**Data section:**
+ + +

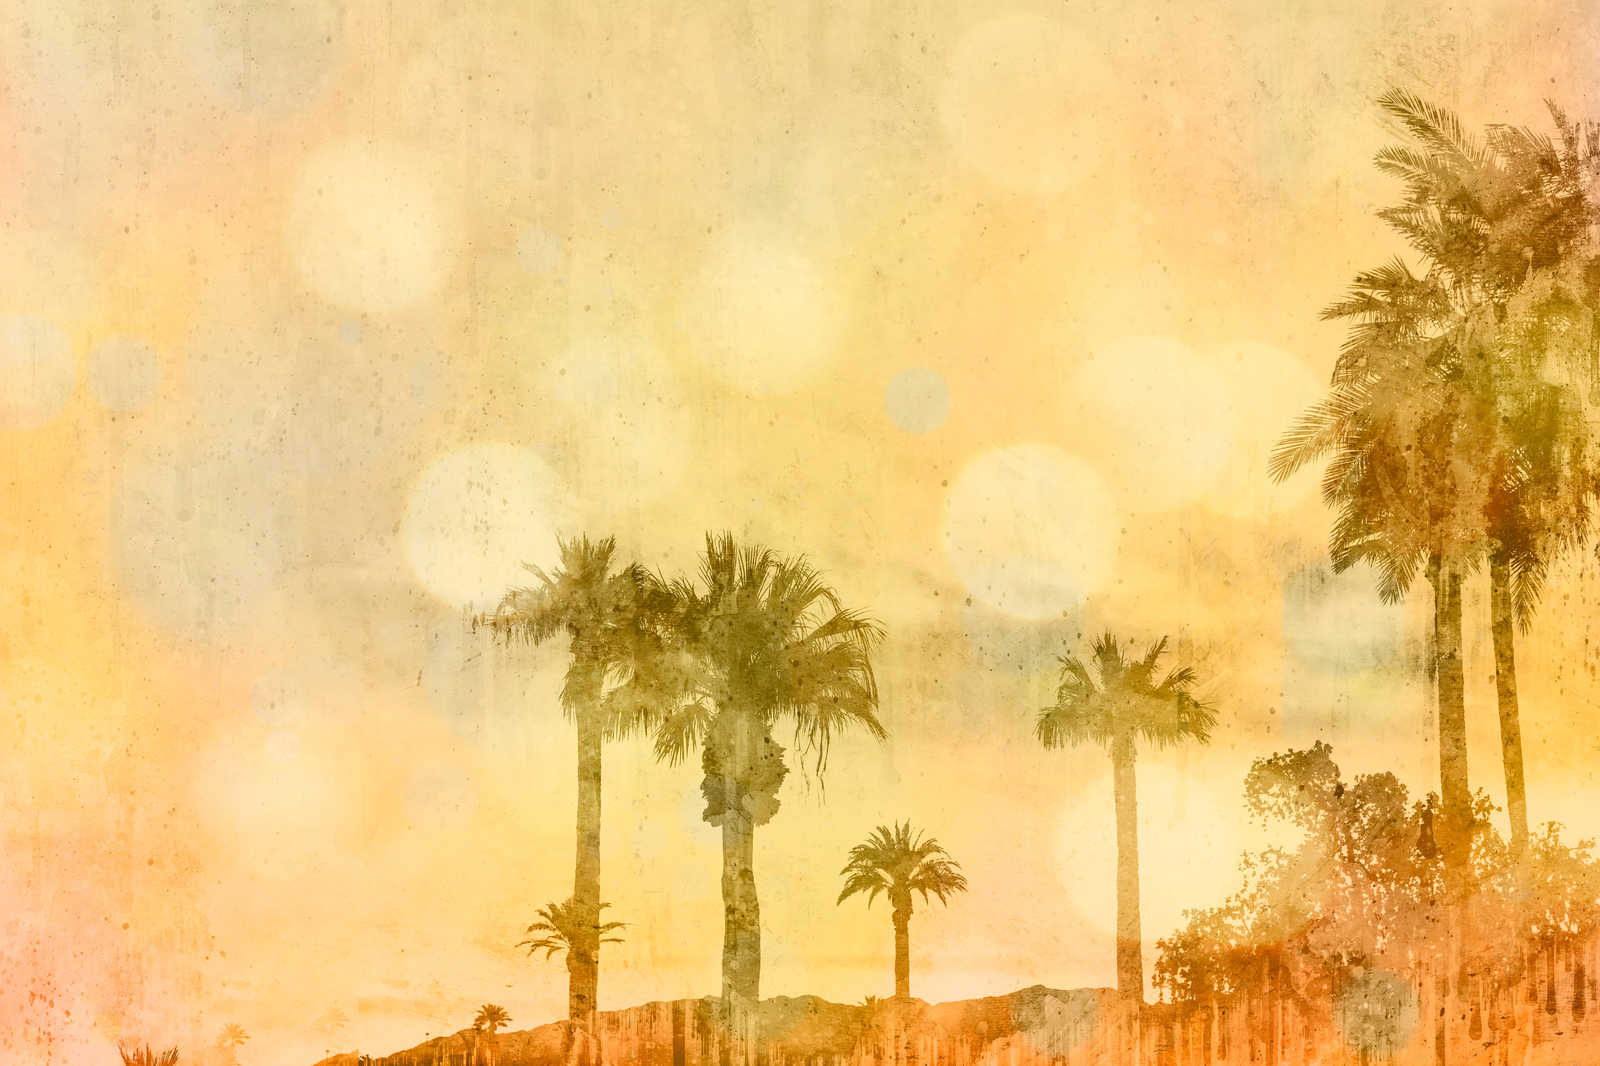             Tableau sur toile Plage de palmiers au coucher du soleil avec effet de lumière - 1,20 m x 0,80 m
        
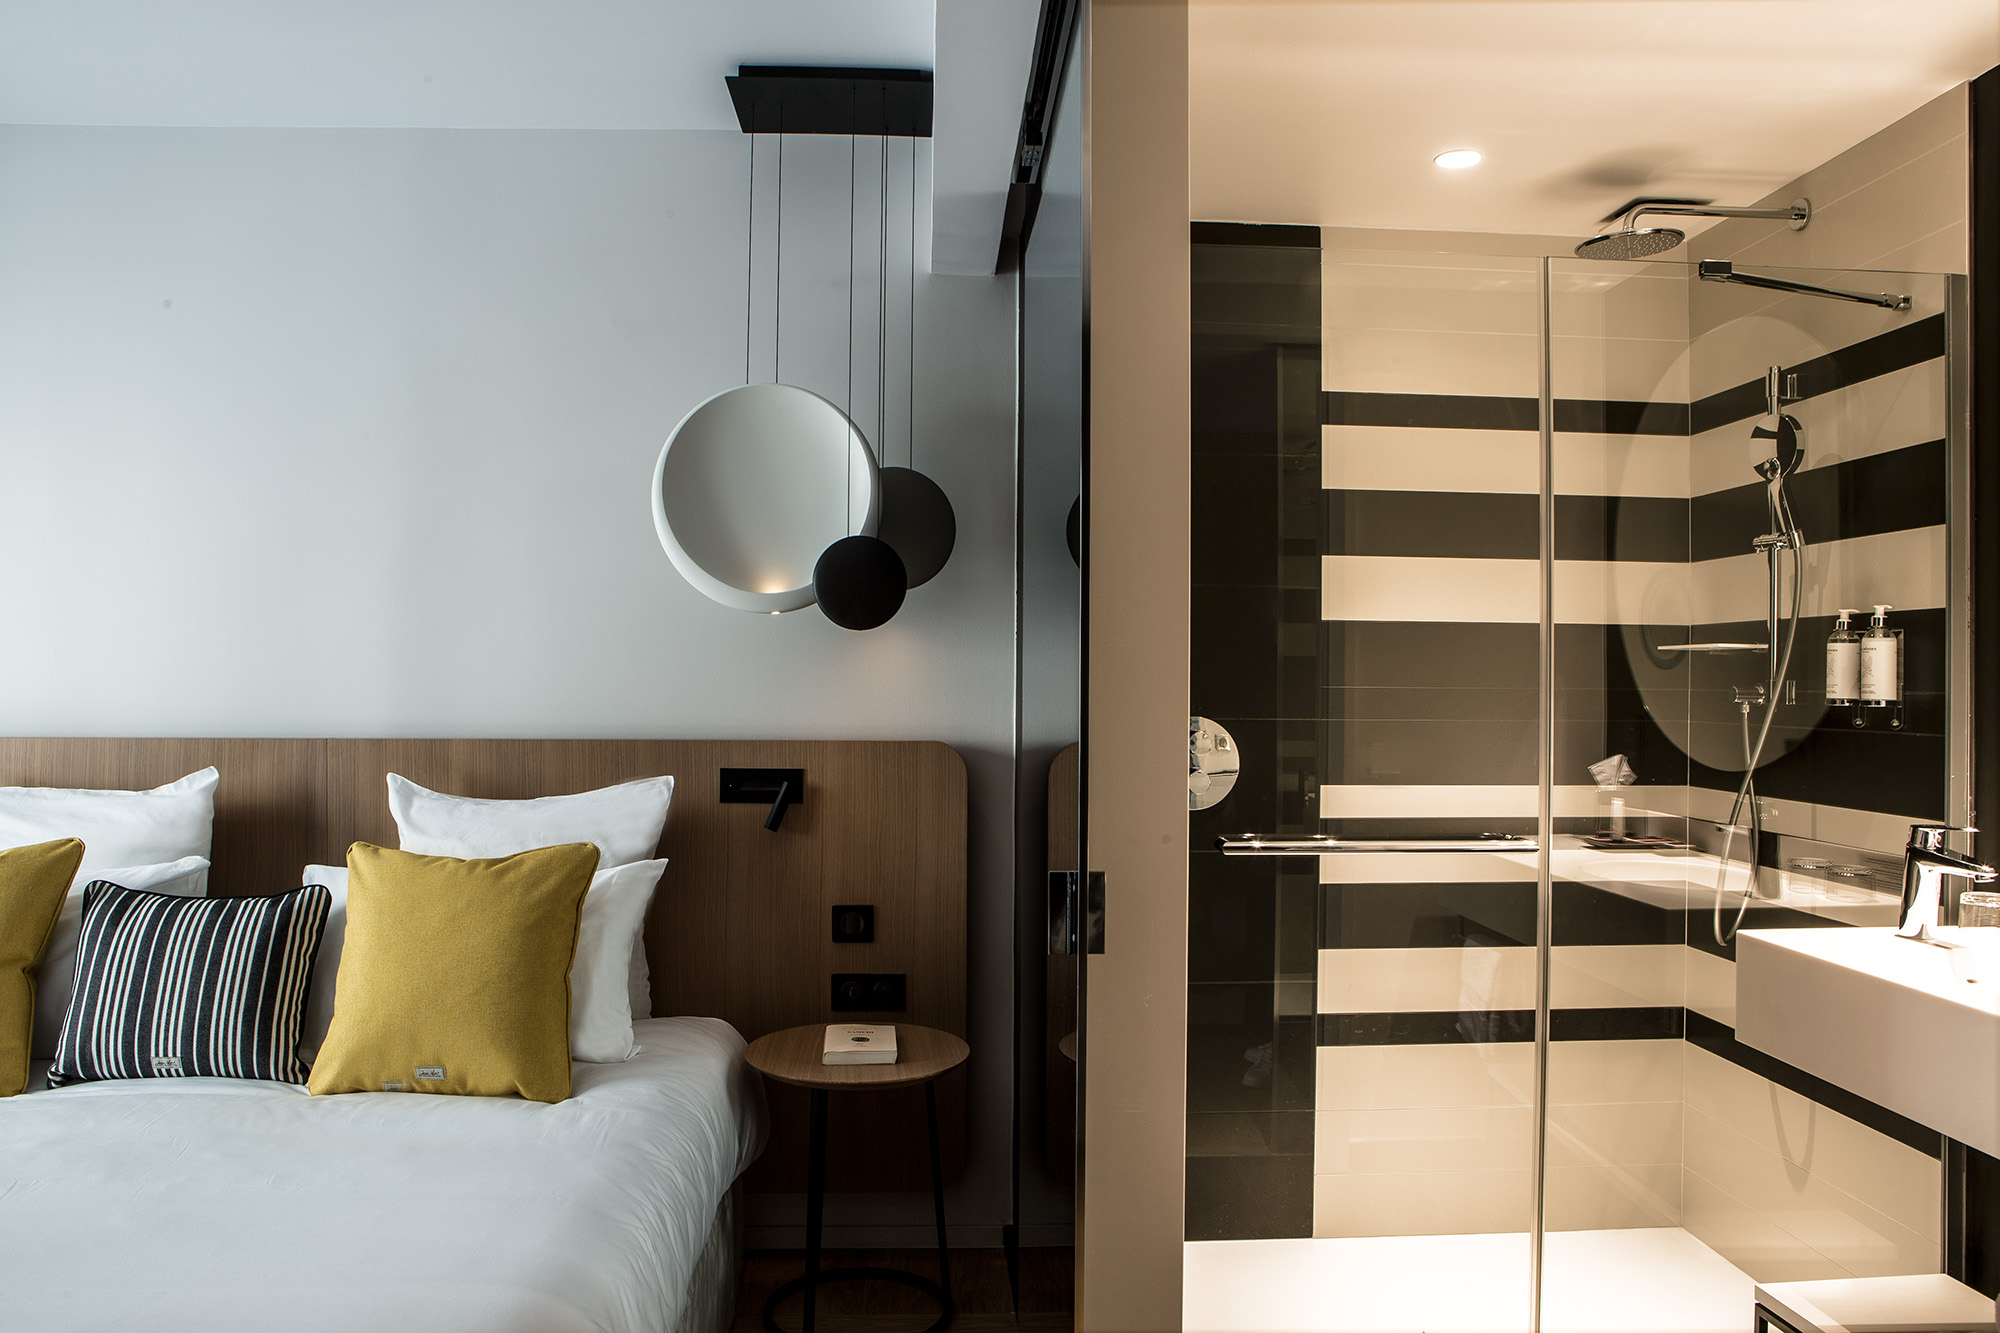 Hôtel Villa Koegui Bayonne, hôtel lifestyle 4 étoiles designé par le studio d'architecture d'intérieur jean-philippe nuel, pays basque, chambre, salle de bain, rayure bayadère
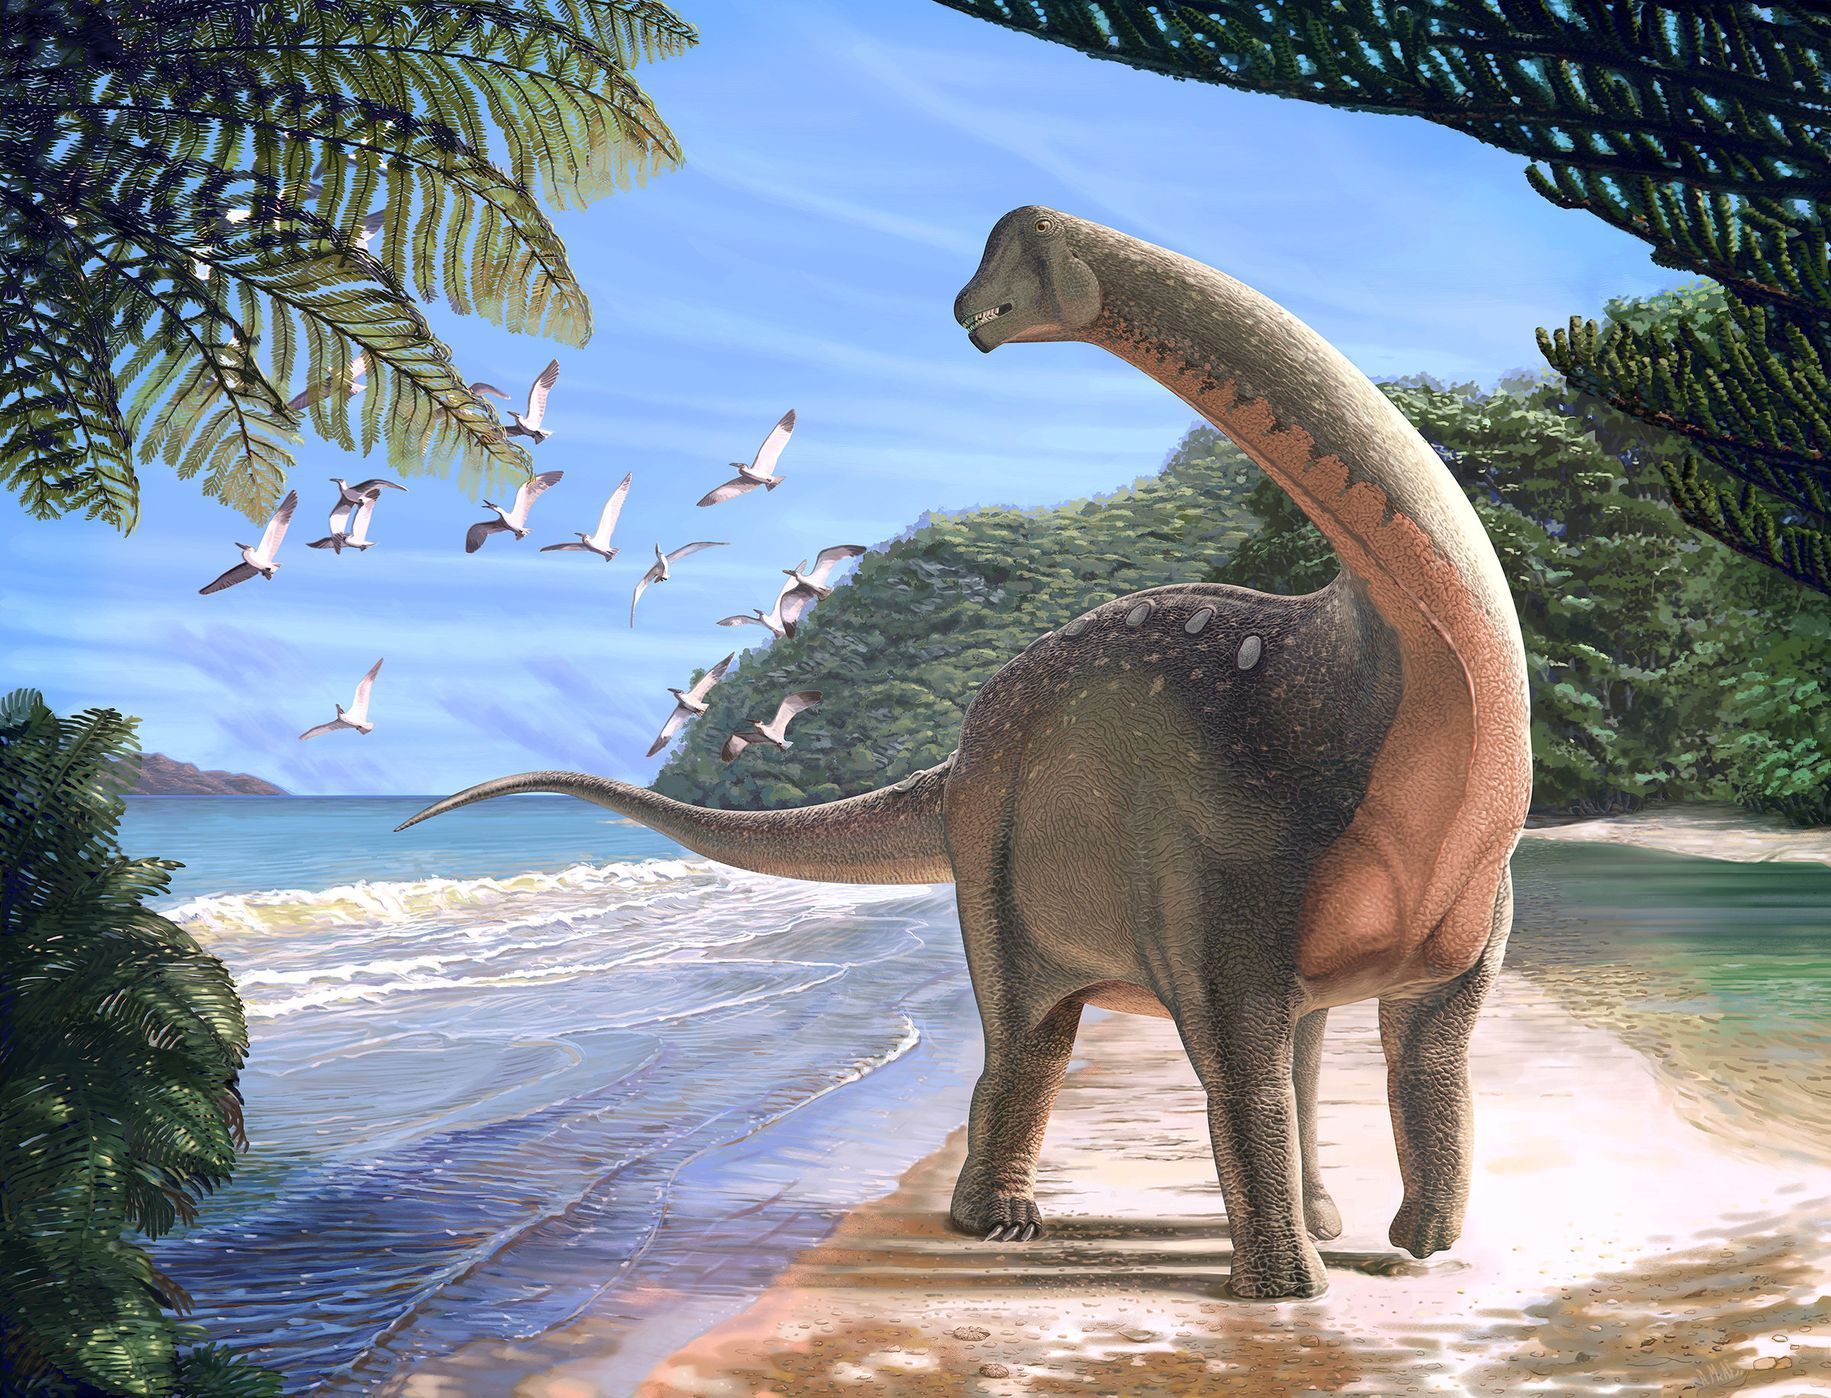 Mansourasaurus - nově objevený druh dinosaura
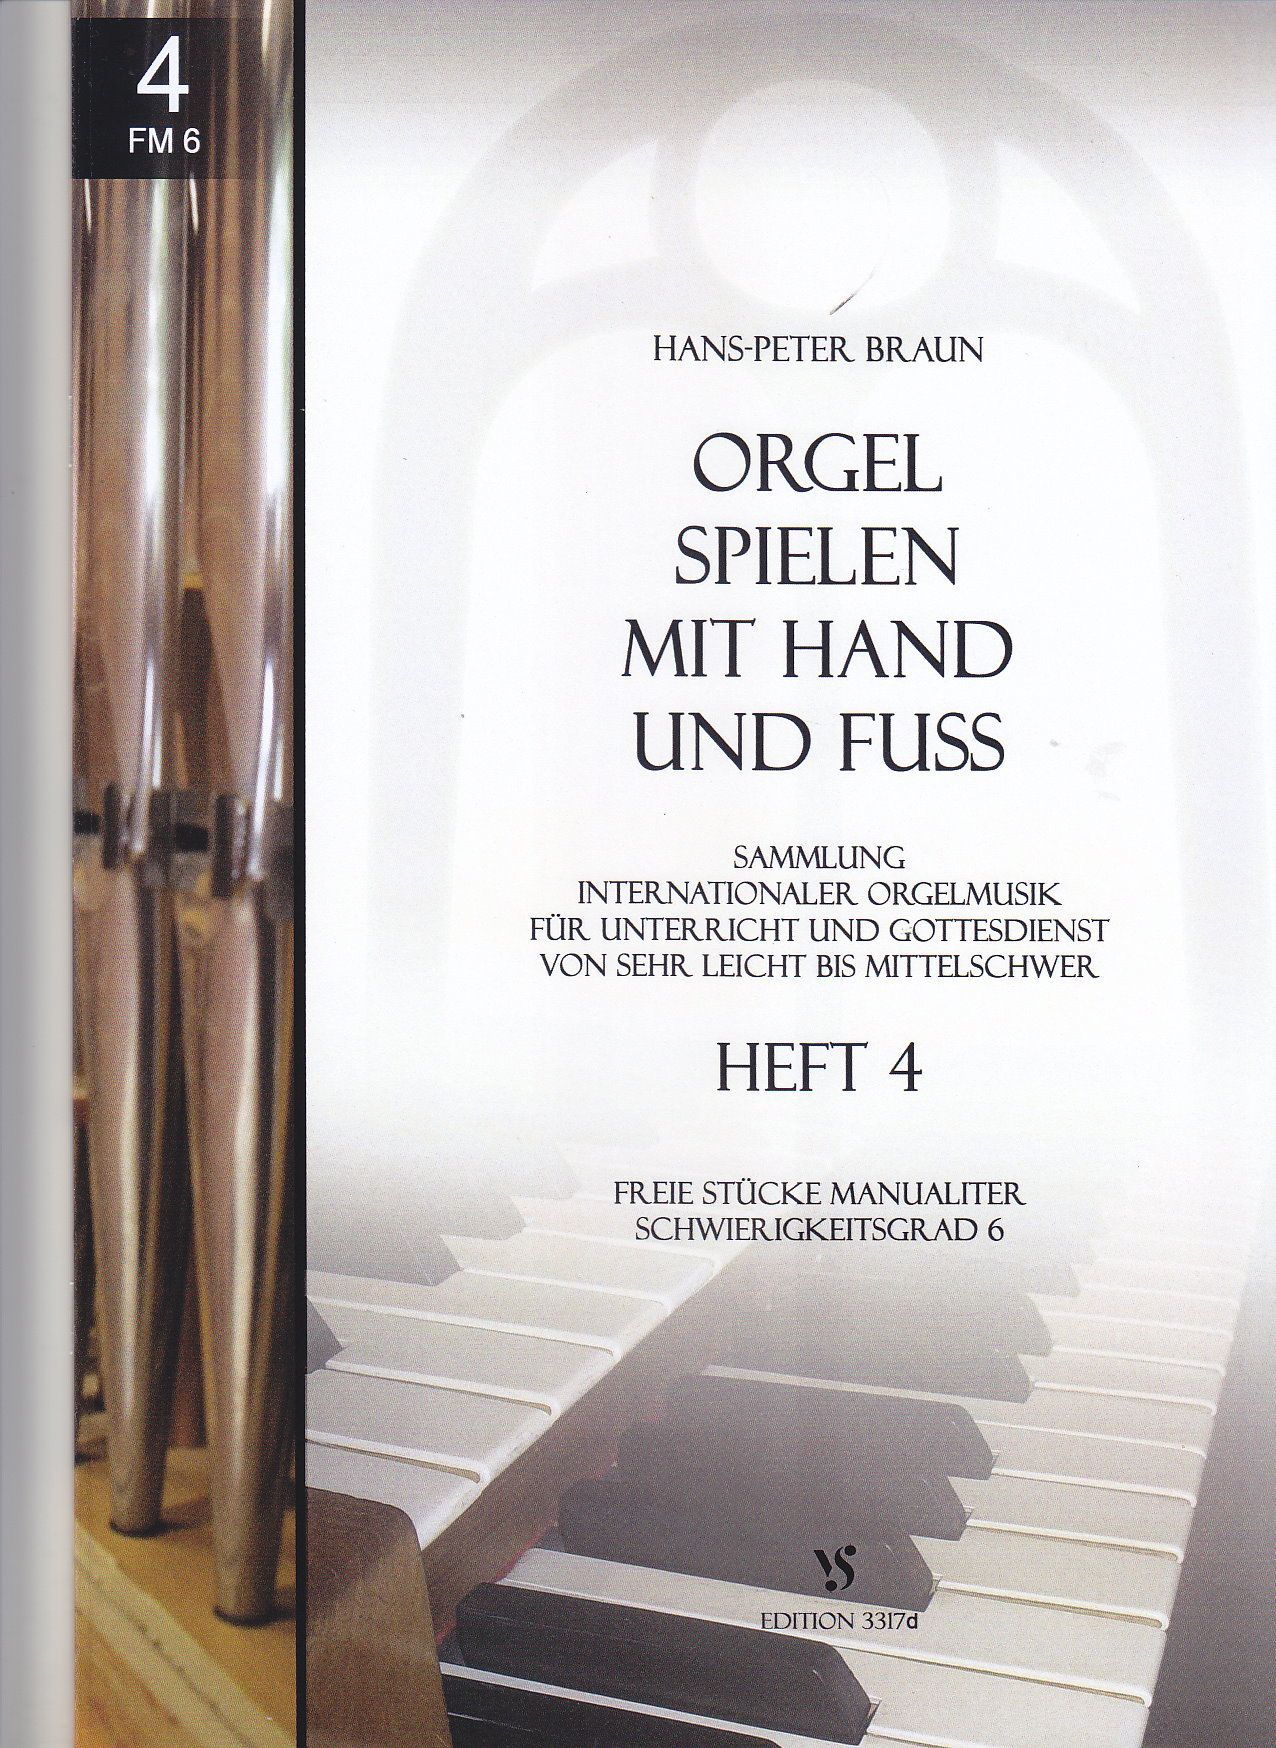 Noten Orgel spielen mit Hand und Fuss 4 Strube 3317d Hans Peter Braun manualiter  - Onlineshop Musikhaus Markstein

+ + +

**Exercise goal:**
Could you write out exactly the lines from the line containing "Mansourasaurus - nově" to the end of the material, and nothing else? No pictures belong in the copy.

**Solution to this task:**
 Mansourasaurus - nově objevený druh dinosaura
 Noten Orgel spielen mit Hand und Fuss 4 Strube 3317d Hans Peter Braun manualiter  - Onlineshop Musikhaus Markstein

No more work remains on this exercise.